BEGIN

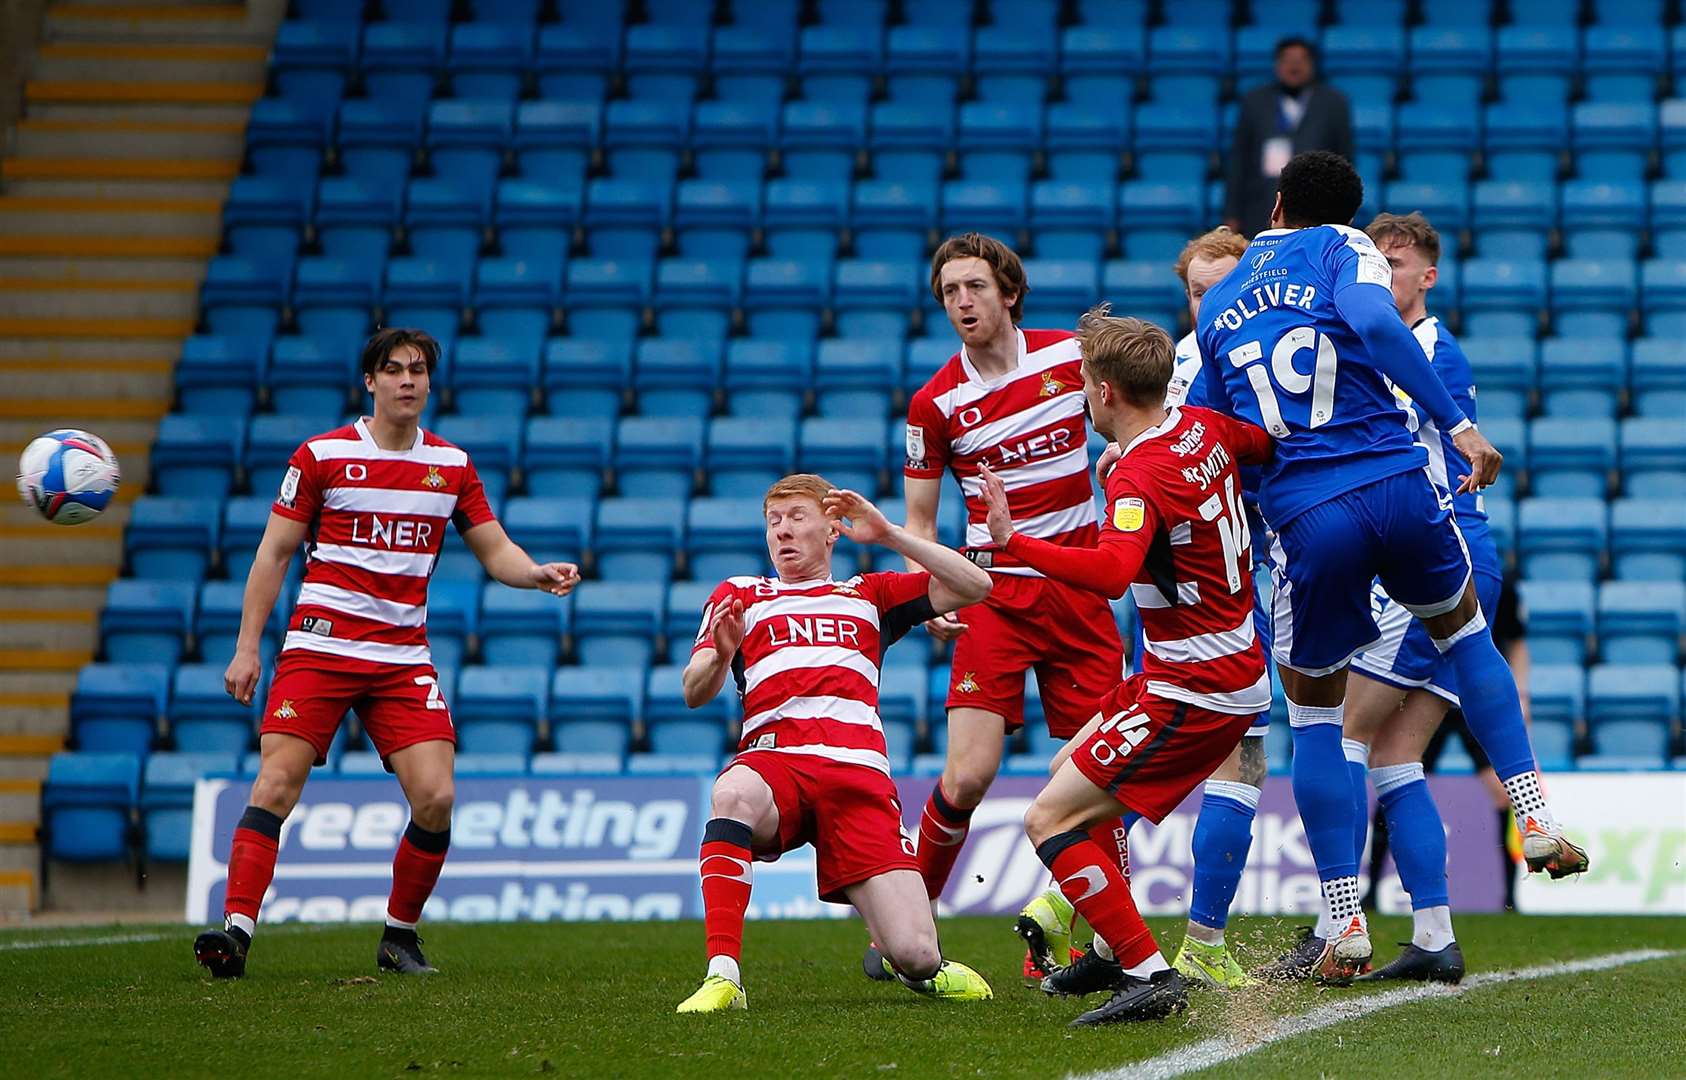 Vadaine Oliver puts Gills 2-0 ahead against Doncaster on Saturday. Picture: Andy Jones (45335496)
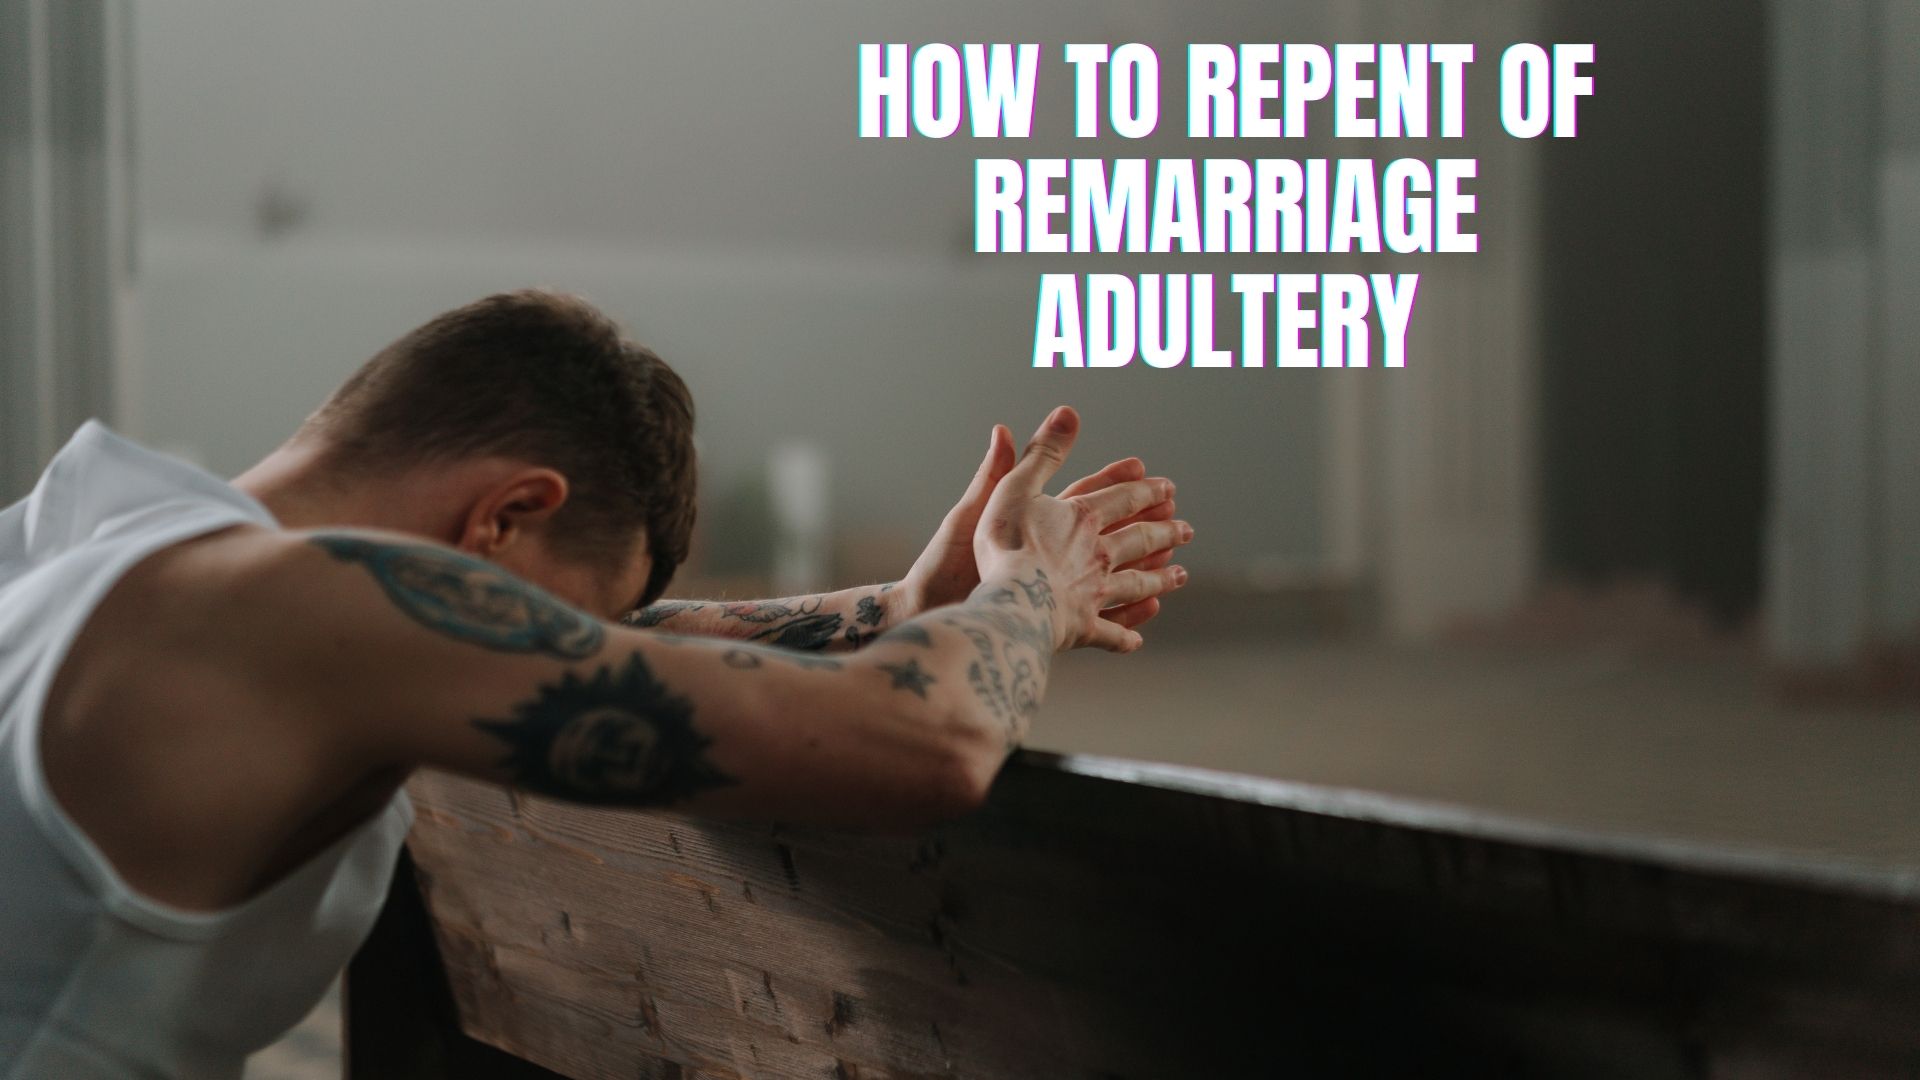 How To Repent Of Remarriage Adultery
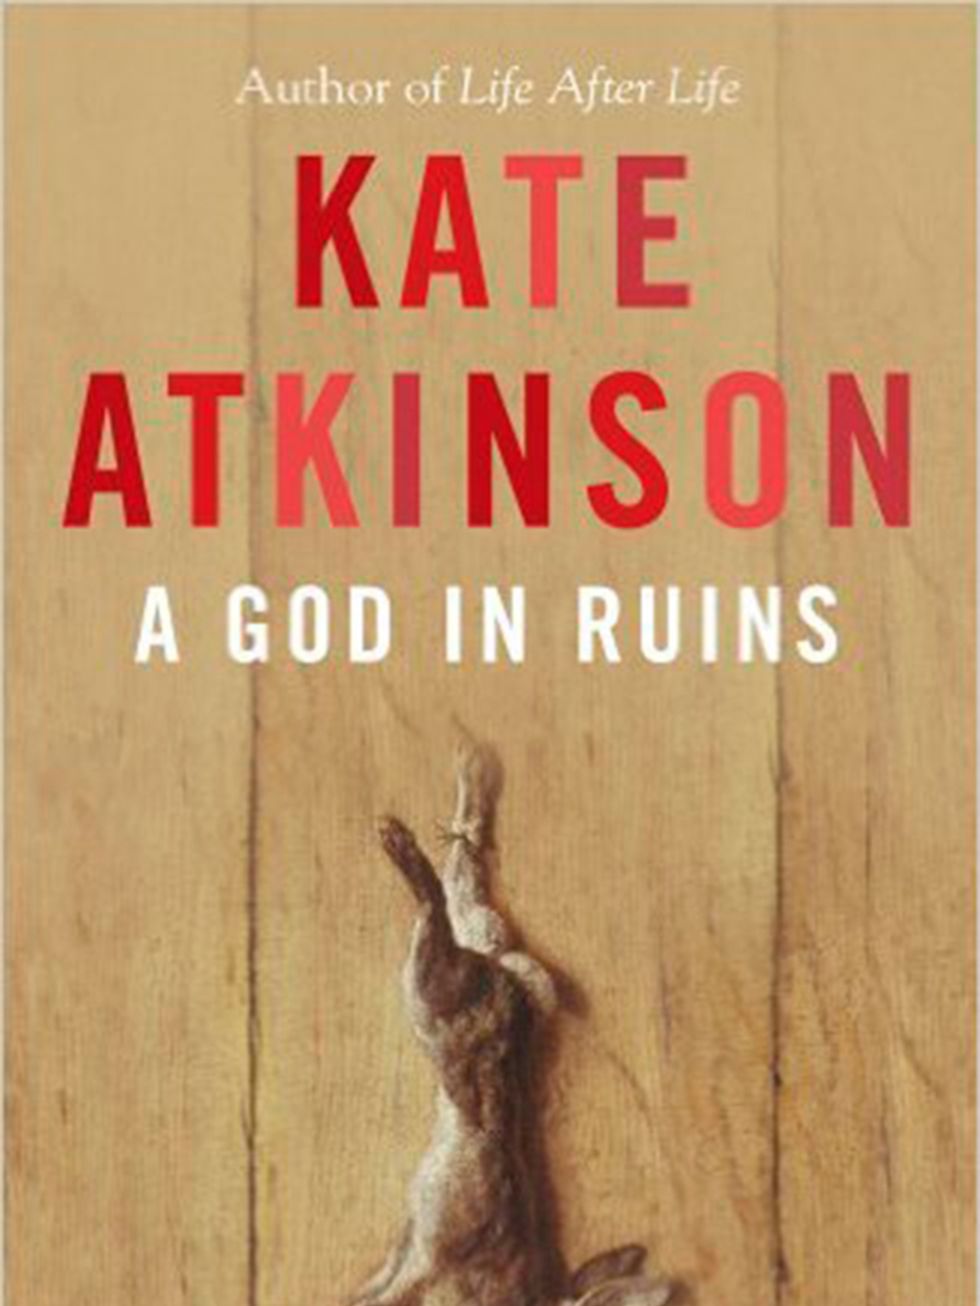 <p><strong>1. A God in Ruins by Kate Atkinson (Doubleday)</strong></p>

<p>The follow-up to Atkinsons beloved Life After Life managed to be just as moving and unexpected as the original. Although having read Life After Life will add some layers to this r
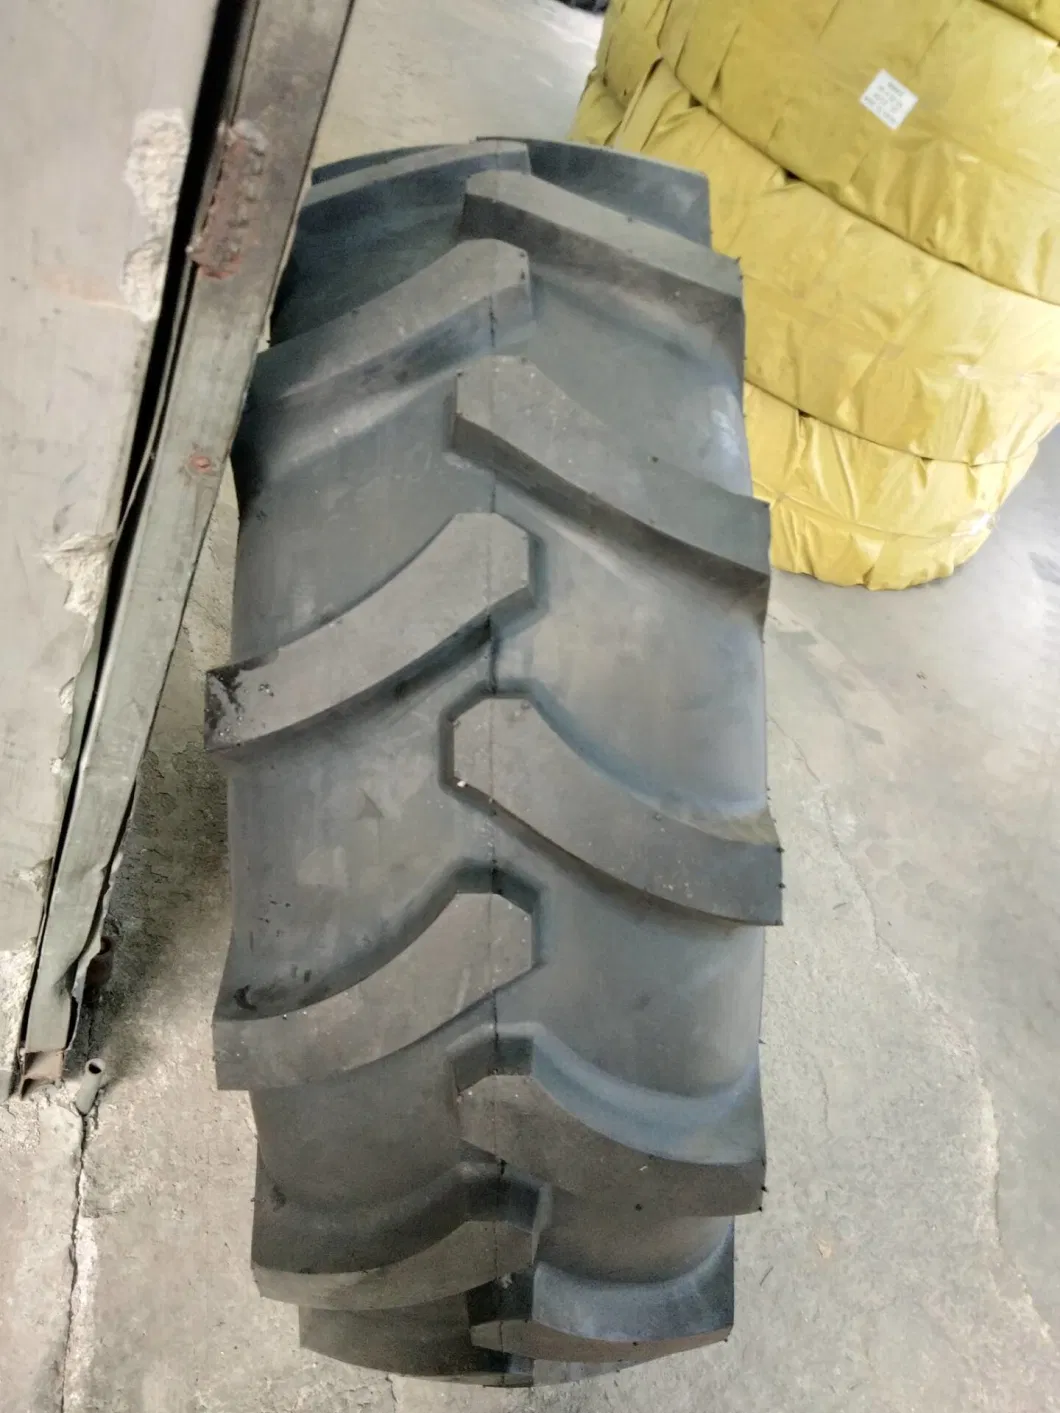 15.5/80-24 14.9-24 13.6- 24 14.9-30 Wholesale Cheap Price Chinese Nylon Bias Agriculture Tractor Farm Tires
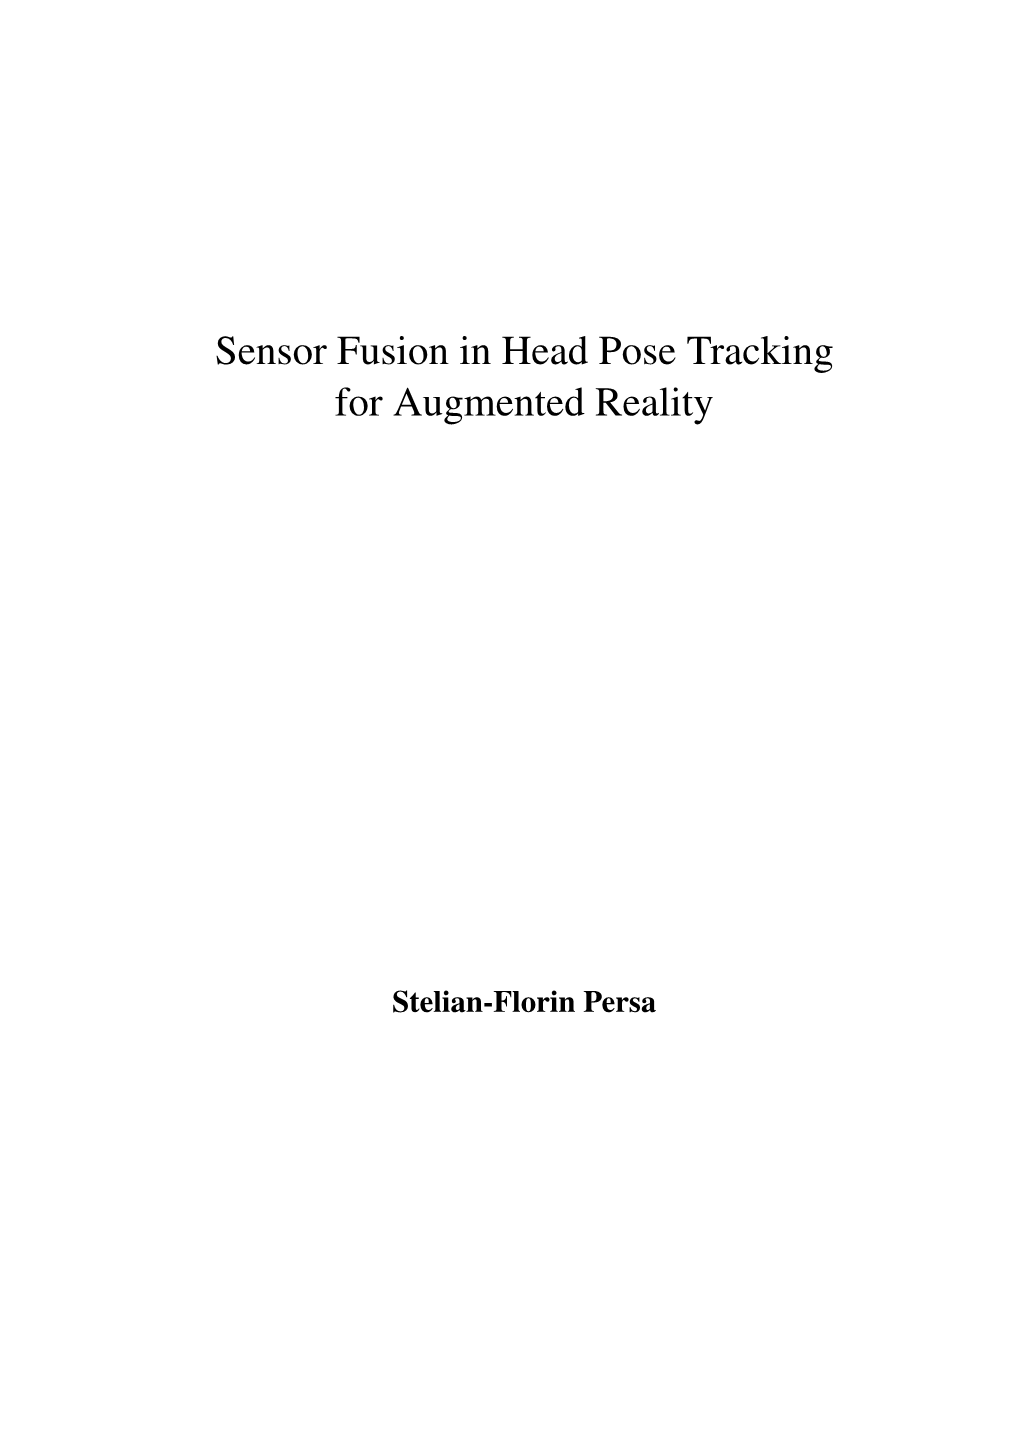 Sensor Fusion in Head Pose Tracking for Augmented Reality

END

TASK TO COMPLETE
Only the lines from the start of the records through the line containing "<p>The follow-up to" should be repeated, word for word, with the pictures left out.

PROBLEM SOLUTION
 Vadaine Oliver puts Gills 2-0 ahead against Doncaster on Saturday. Picture: Andy Jones (45335496)
 How To Repent Of Remarriage Adultery
 <p><strong>1. A God in Ruins by Kate Atkinson (Doubleday)</strong></p>

<p>The follow-up to Atkinsons beloved Life After Life managed to be just as moving and unexpected as the original. Although having read Life After Life will add some layers to this r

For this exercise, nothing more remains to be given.